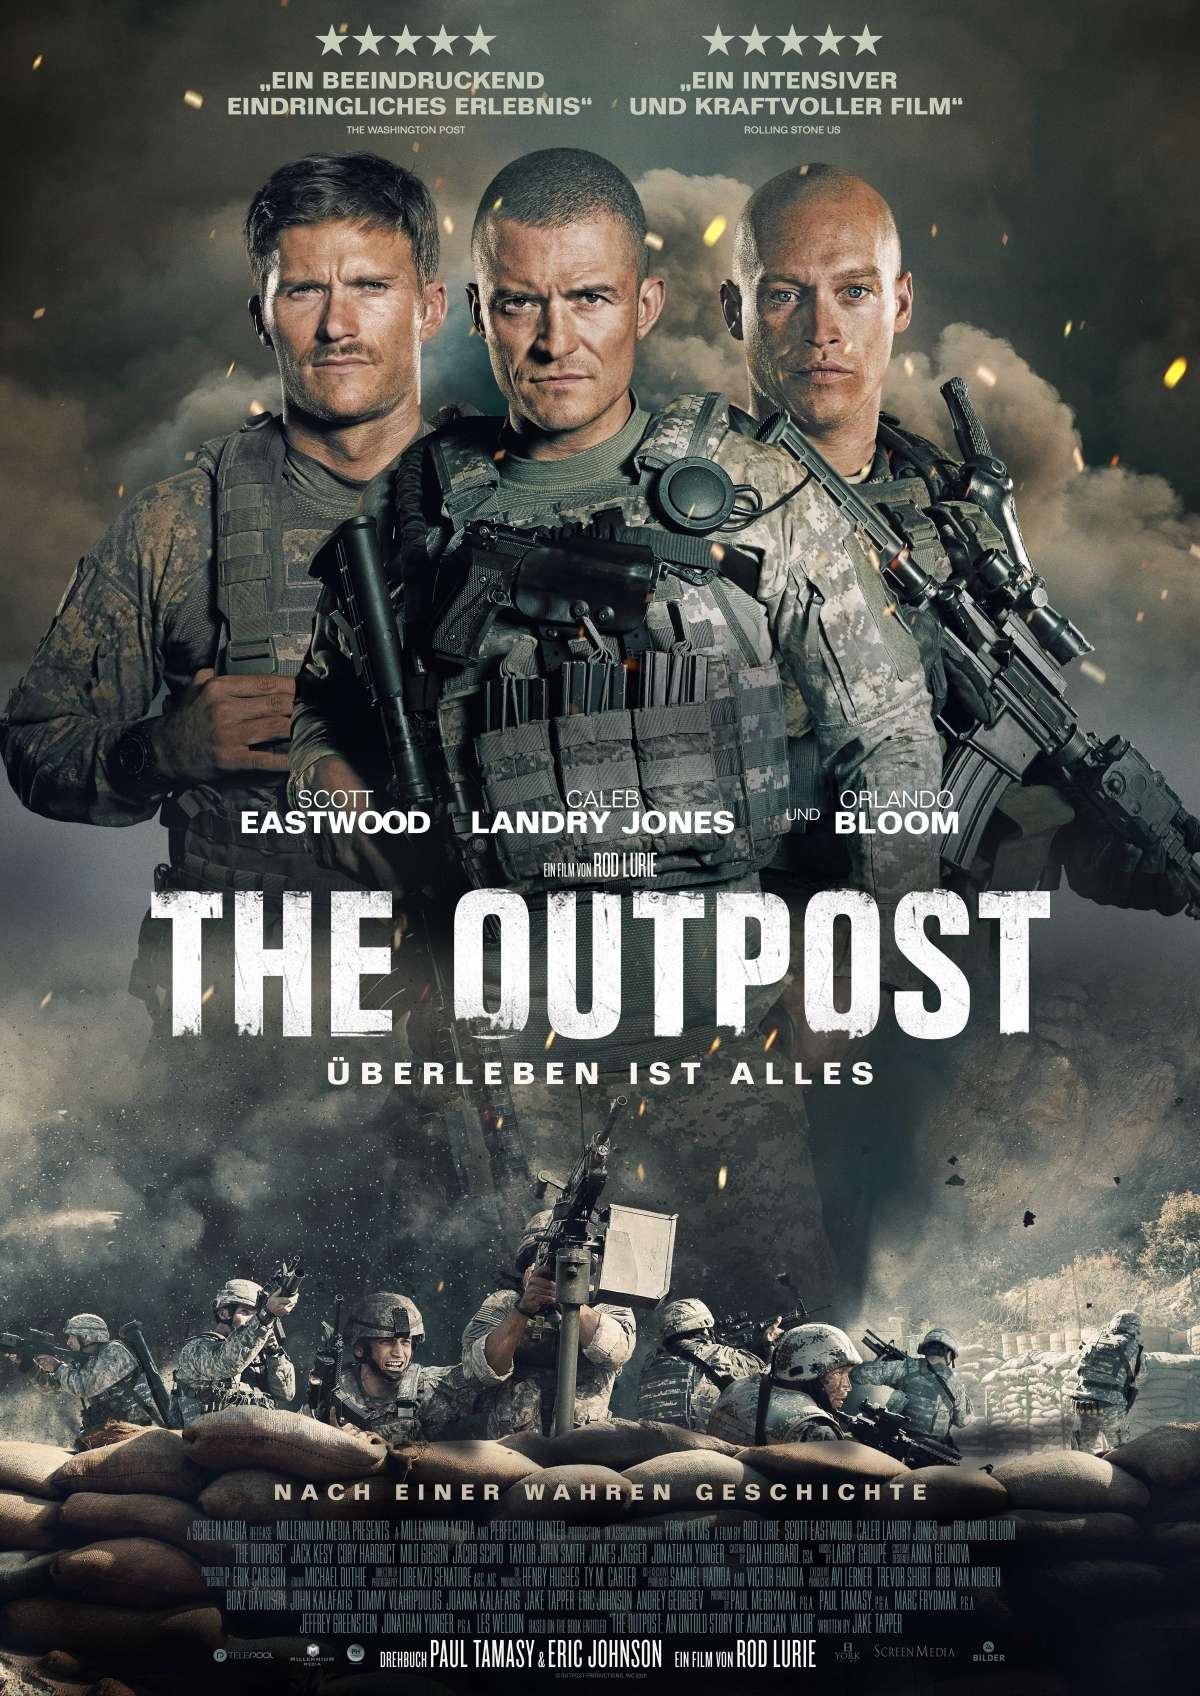 The Outpost - Überleben ist alles - Cine-Royal  - Fritzlar
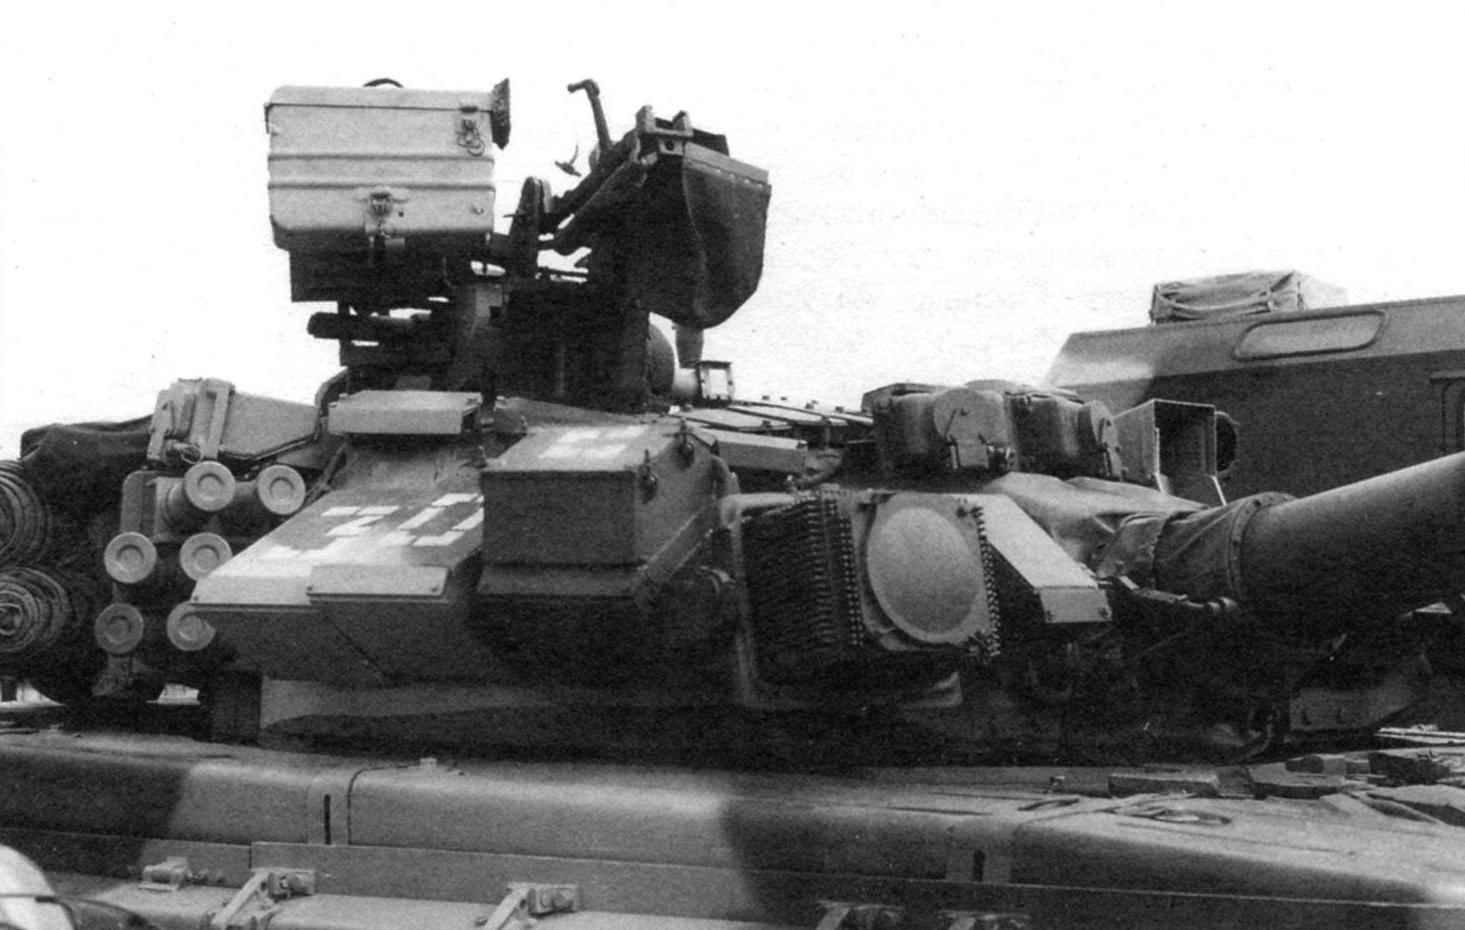 Башня Т-90 крупным планом. Над стволом пушки установлены приёмные головки обнаружения лазерного излучения, а справа от пушки - правый осветитель системы оптикоэлектронного подавления «Штора-1»
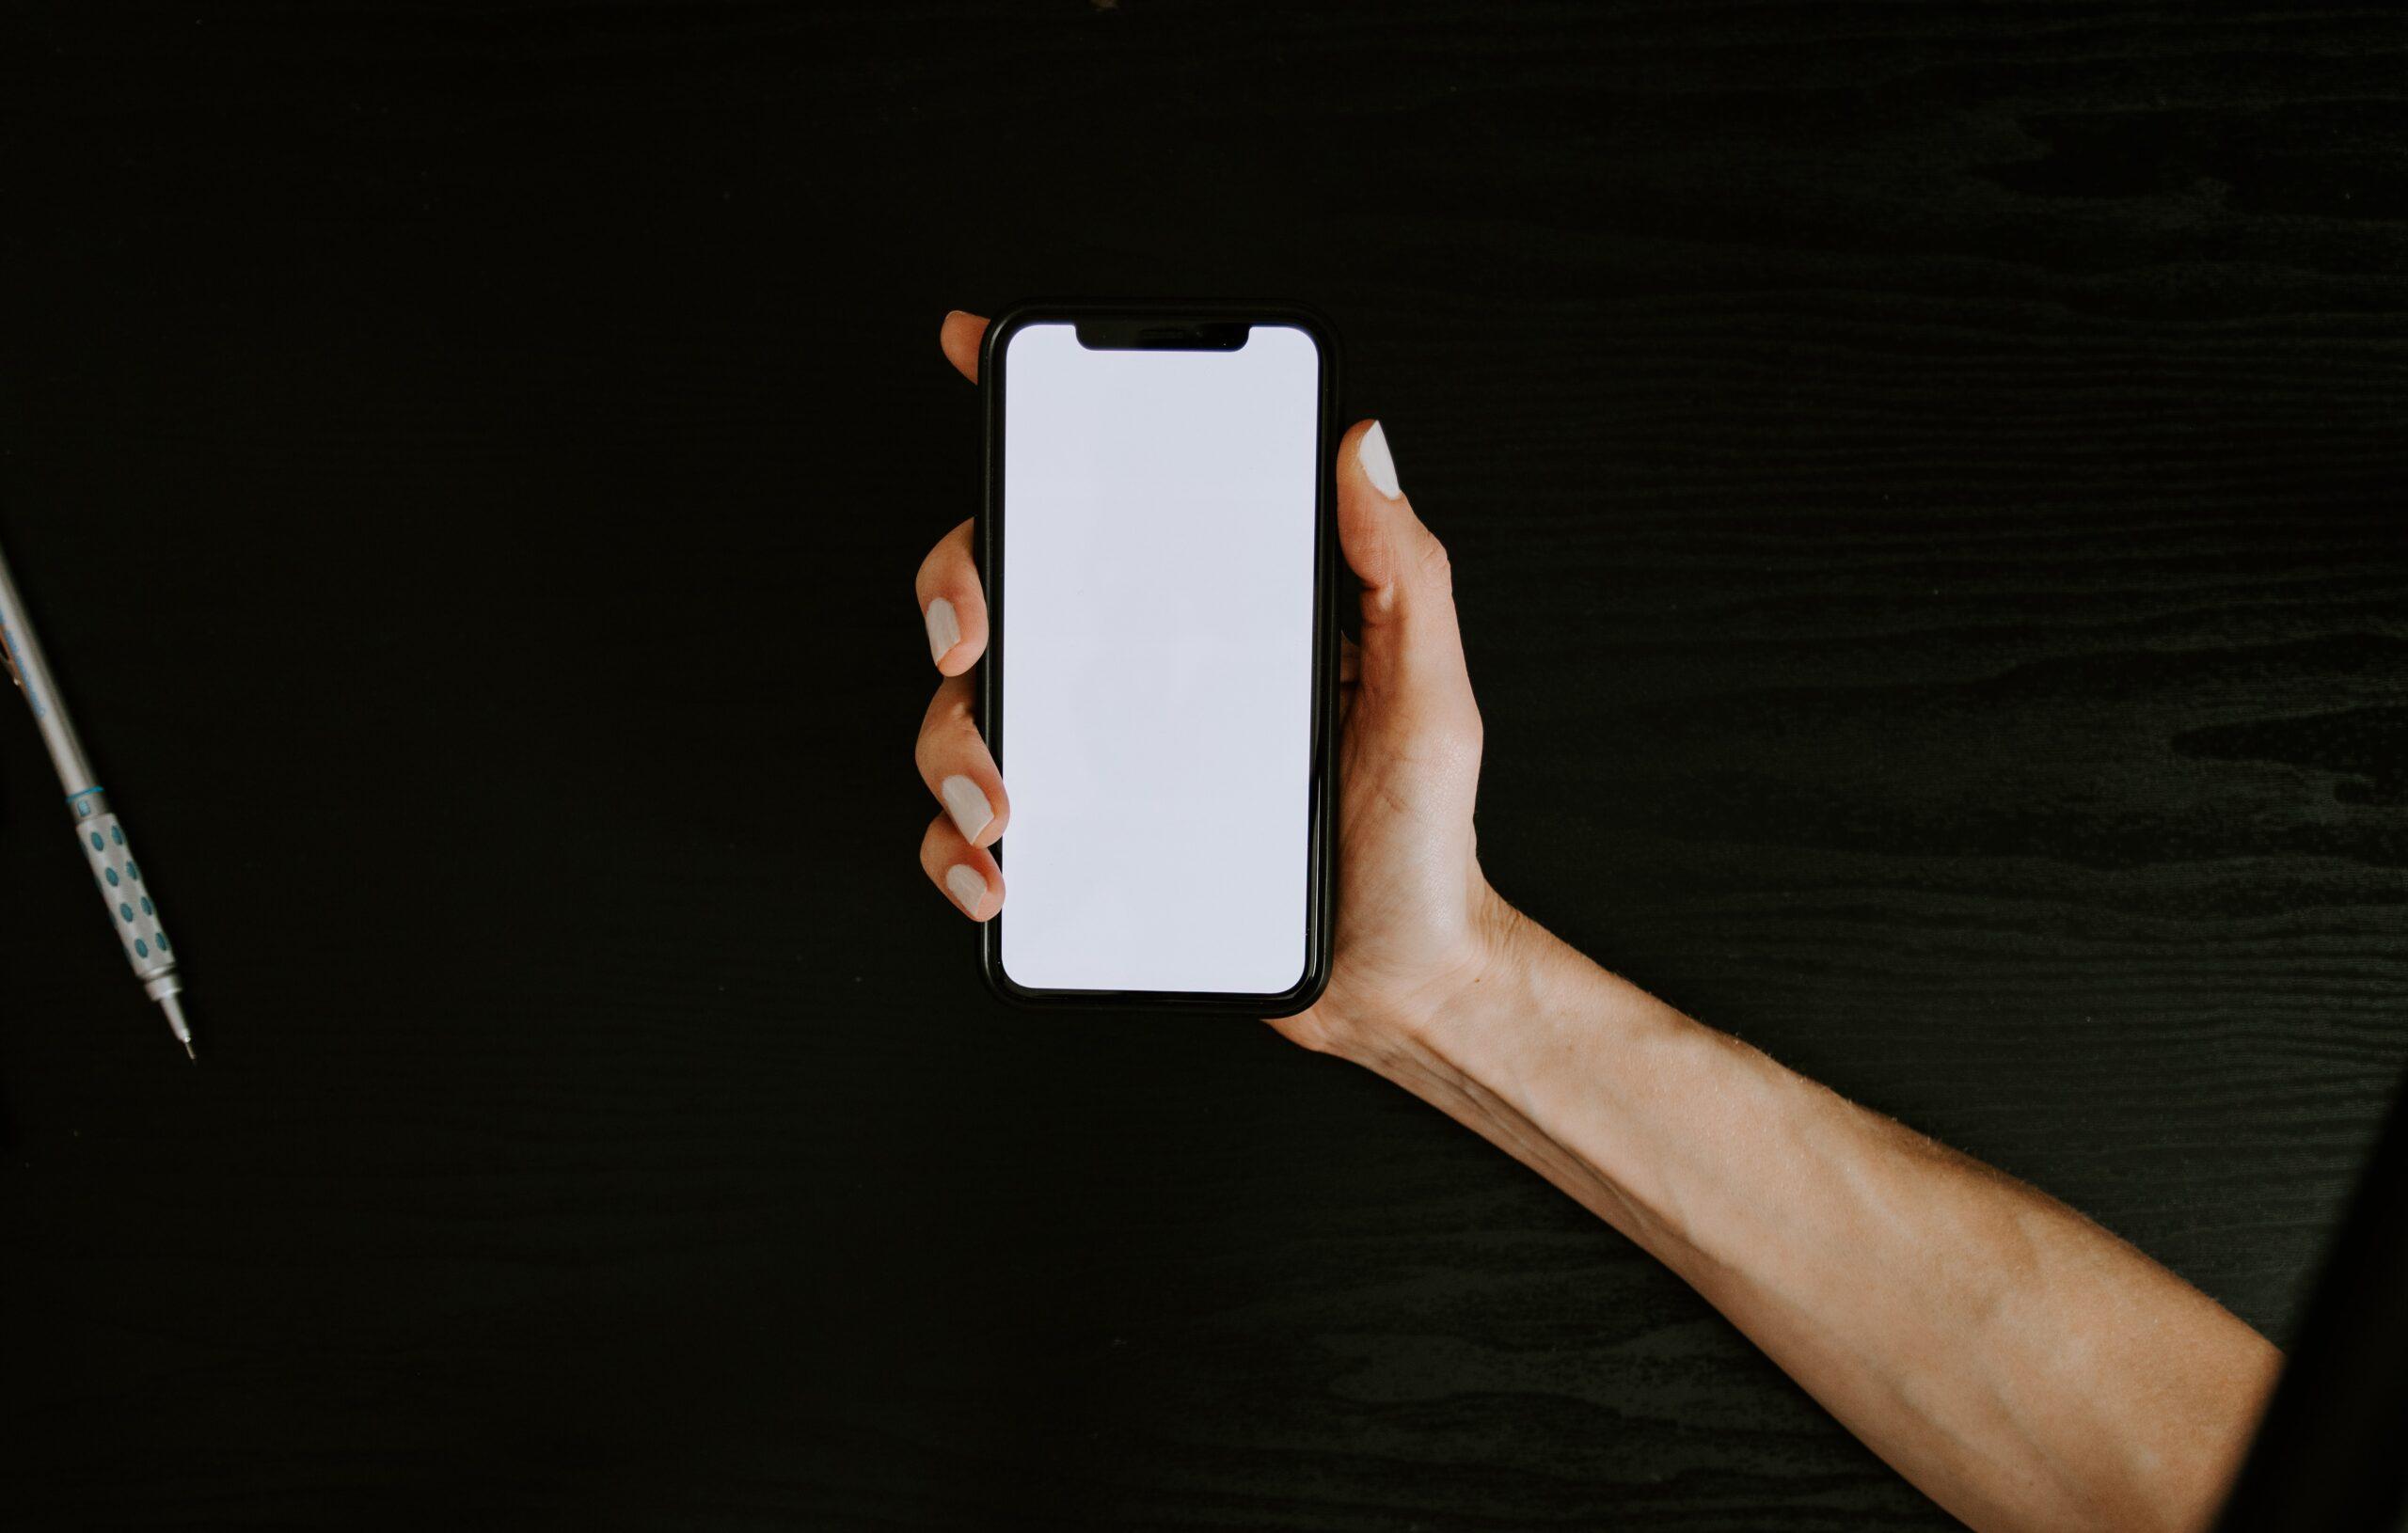 Mão segurando um iPhone com destaque para o notch
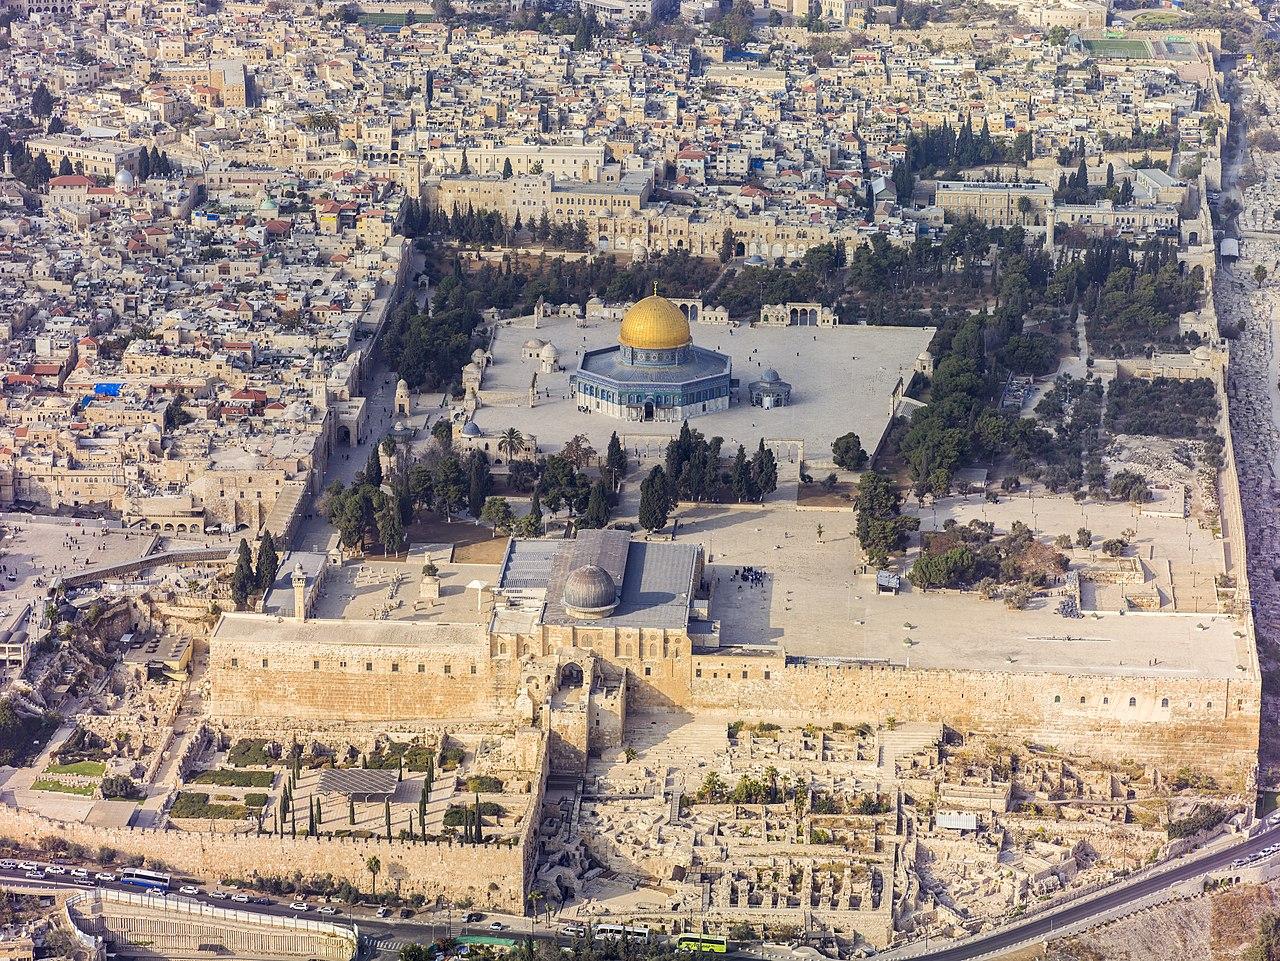 بالصور صور المسجد الاقصى , مشاهد للمسجد الاقصى 1437 6

Try it> Omit the pictures and write out the lines above from the one with "Mão segurando um" through the last, unchanged.

Response>
 Mão segurando um iPhone com destaque para o notch
 بالصور صور المسجد الاقصى , مشاهد للمسجد الاقصى 1437 6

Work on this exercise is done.